Ницан предостегрегающе поднял палец и тщательно осмотрел ту часть покоев престарелой дамы, которую охватывало фантомное облако.
— Не волнуйтесь, — госпожа Шульги-Зиусидра-Эйги небрежно махнула рукой. — Я позаботилась. Наш разговор никто не услышит. А если кто спрятался в моей спальне, так будьте уверены: я собственноручно придушу его, посмей он только пикнуть.
— Ну-ну, надеюсь, что это не понадобится… — Ницан вздохнул и сел на кушетку — так, чтобы фантомное облако телекома находилось точно напротив. — Госпожа Баалат-Гебал, позвольте сообщить вам, что завтра я отправляюсь в суд. В качестве обвиняемого по делу об убийстве младшего жреца Сивана.
Госпожа Баалат-Гебал выразительно всплеснула руками, ее многочисленные амулеты мелодично зазвенели.
— Я пойду с вами! — вскричала она гулким басом. — Я им покажу, всем этим крючкотвором!
— Как раз наоборот, — сказал сыщик. — Совсем наоборот. Госпожа Баалат-Гебал, дорогая, я знаю, что вы — мой искренний и преданный друг. Так вот я прошу вас не приходить завтра в суд. Сделайте другое, очень важное для меня дело… — он замолчал, решая — стоит или не стоит вовлекать пожилую даму в эту историю.
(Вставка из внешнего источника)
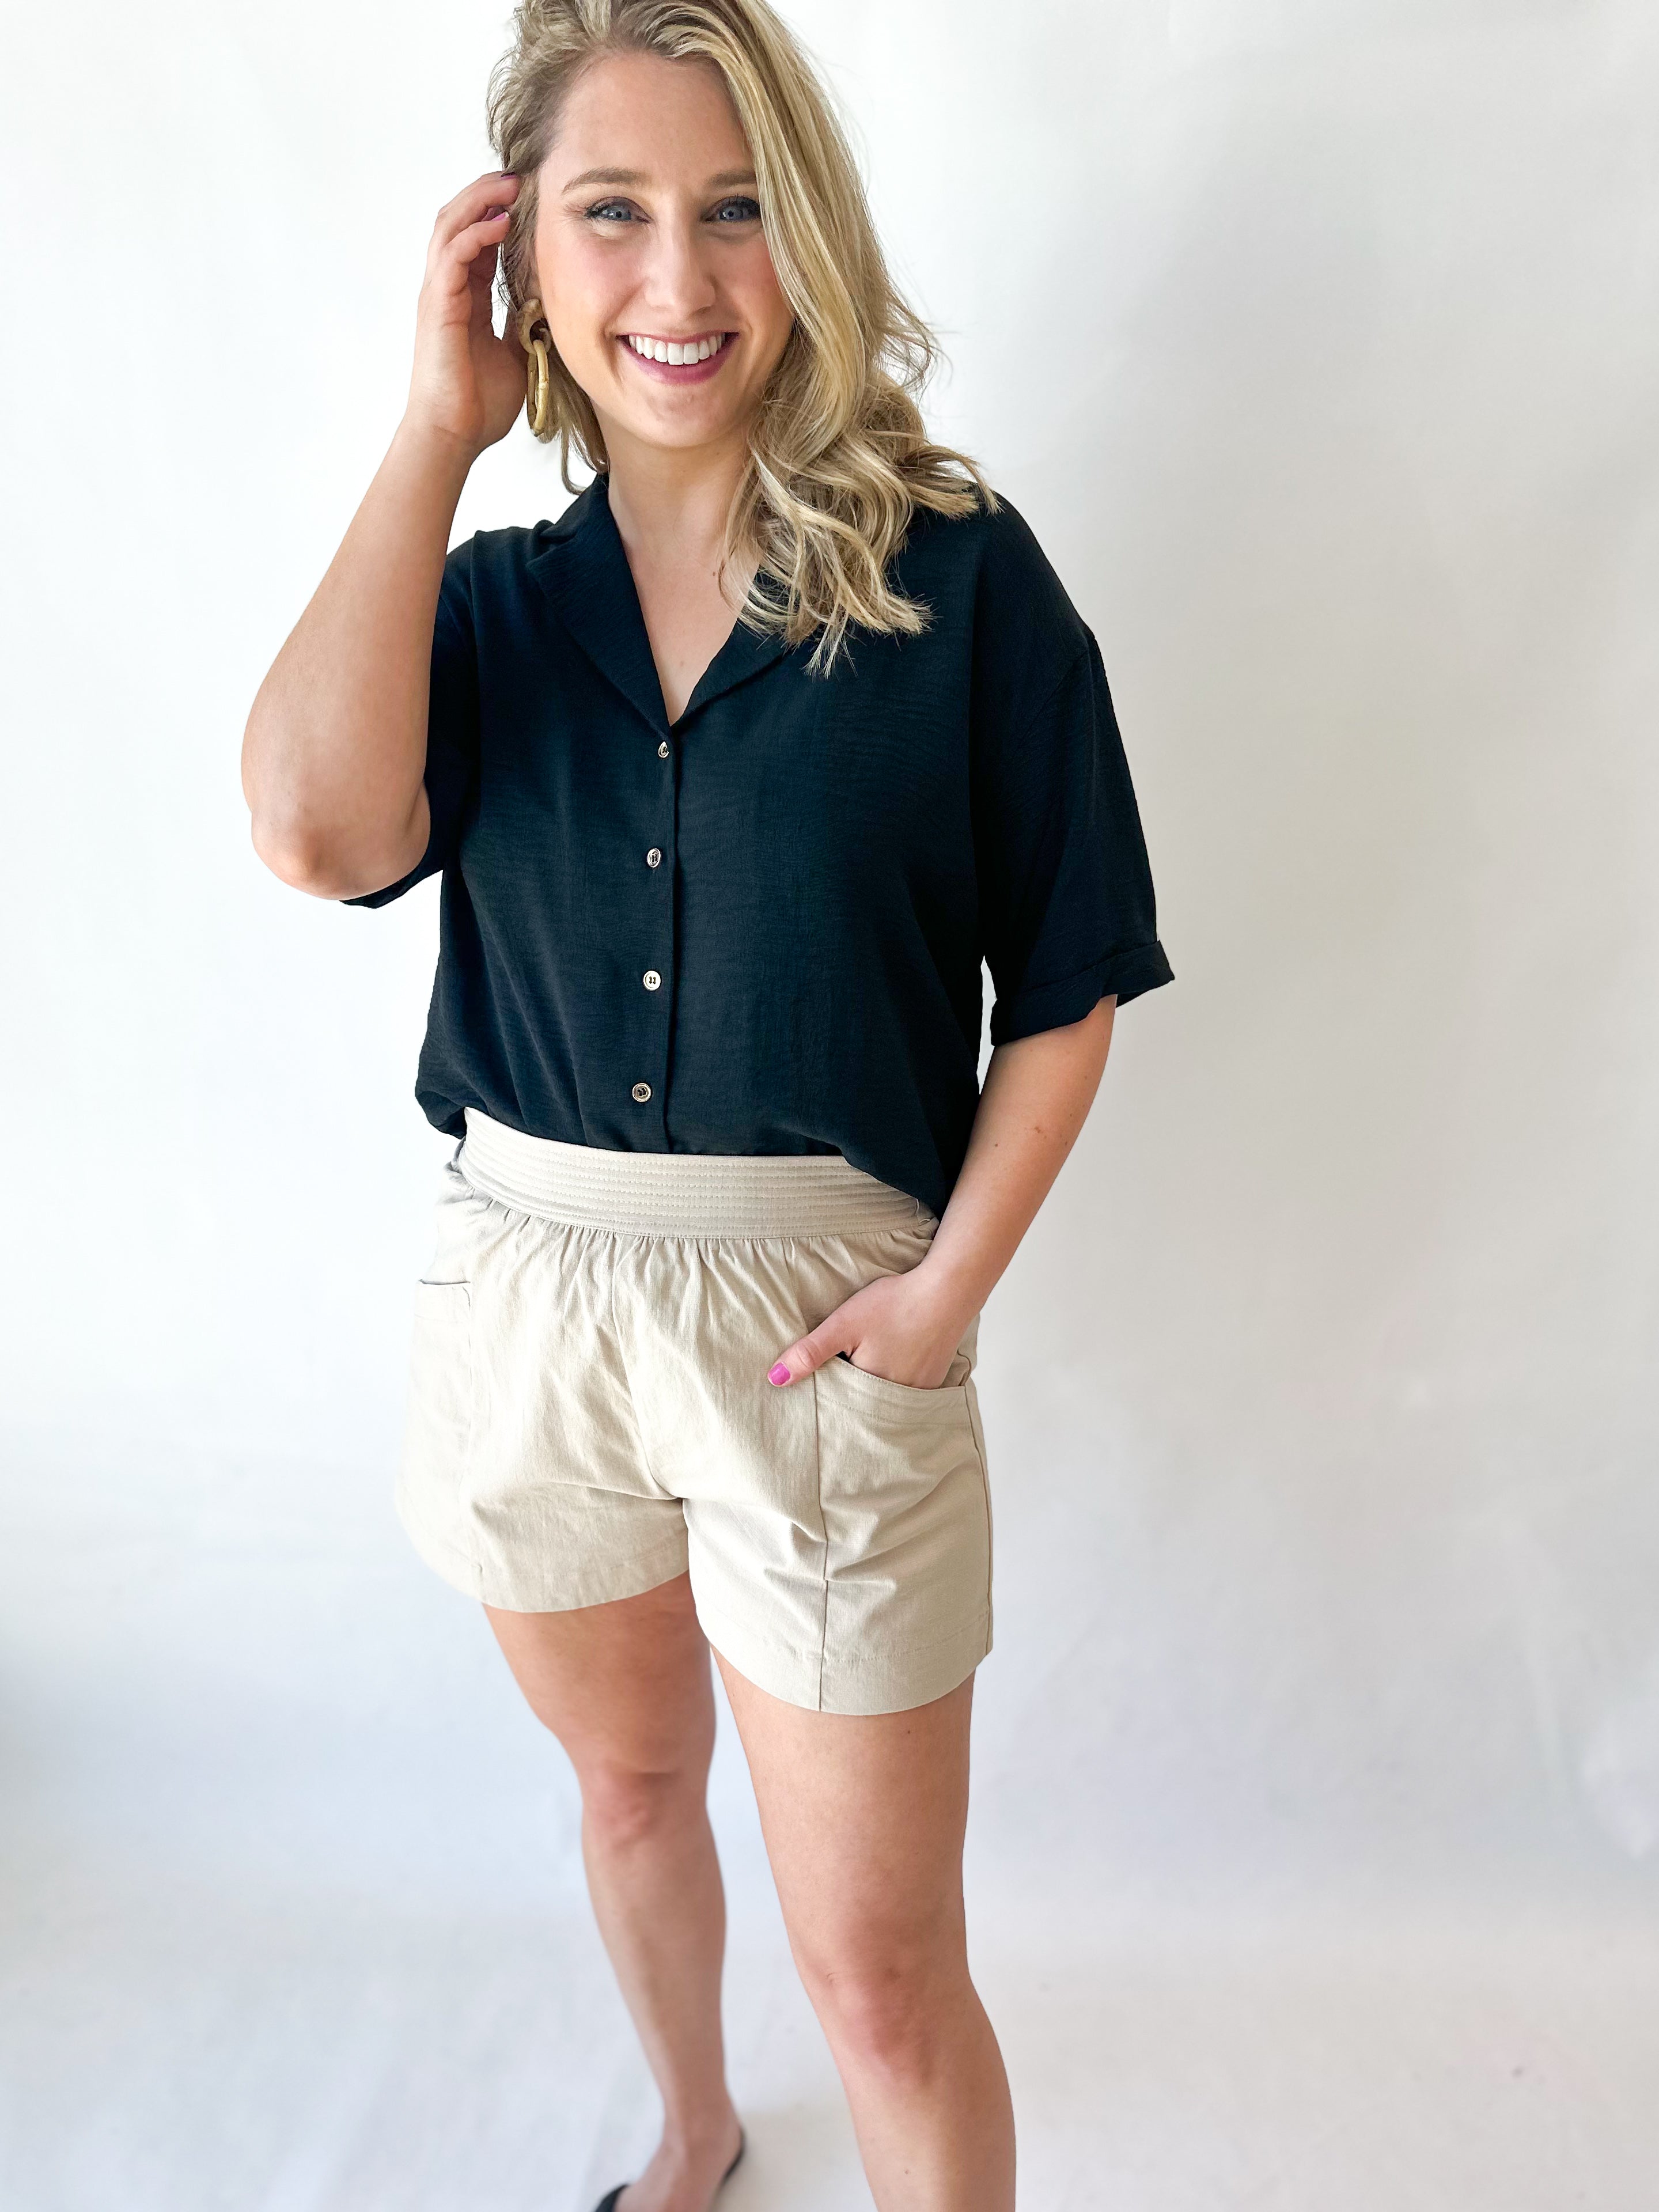 The Everyday Short - Tan-410 Shorts/Skirts-ENTRO-July & June Women's Fashion Boutique Located in San Antonio, Texas

Глаза госпожи Баалат-Гебал восторженно загорелись.
— Говорите, — сказала она, — говорите, что я должна сделать?
— Но учтите, — поторопилмя предупредить Ницан, — это может быть опасно. Так что…
Теперь восторгу, горевшему в глазах престарелой дамы, не было границ.
— Тем более! — воскликнула она. — Я обожаю авантюры! Выкладывайте, что я должна делать. Клянусь бараньими рогами Анат-Яху, кои я лицезрею ежедневно, все сделаю! Ну же, Ницан!
Сыщик решился. Еще раз окинув взглядом покои своей царственной приятельницы в поисках чего-нибудь подозрительного, потом взял в руки финансовый отчет и письмо госпожи Шошаны Шульги и приблизил их к глазам фантома госпожи Баалат-Гебал.
— Взгляните, — сказал он, — третья строчка снизу. Вы помните этот платеж?
— Конечно, три месяца назад я оплатила медикаменты и продукты для фонда нашей семейной дурочки. Моей младшей сестрички. А при чем здесь…
— Минутку! — Ницан поднял руку. — Она ничего не получила и написала об этом в письме. Хотя деньги были переведены — согласно вашему отчету.
Госпожа Баалат-Гебал попыталась что-то сказать, но Ницан остановил ее.
— Погодите, — сказал он, — не перебивайте, дайте мне сказать… Вот что мне нужно, дорогая госпожа Баалат-Гебал. Я хочу, чтобы вы закатили скандал храмовому казначею. Сегодня вечером.
— Преподобному Кислеву? — изумленно переспросила госпожа Шульги-старшая. — Вечером? Зачем?
— Очень нужно. Устройте ему разнос за то, что ваша сестра до сих пор не получила заказанных лекарств. Пригрозите вывести его на чистую воду. Пообещайте добиться официальной проверки состояния финансов.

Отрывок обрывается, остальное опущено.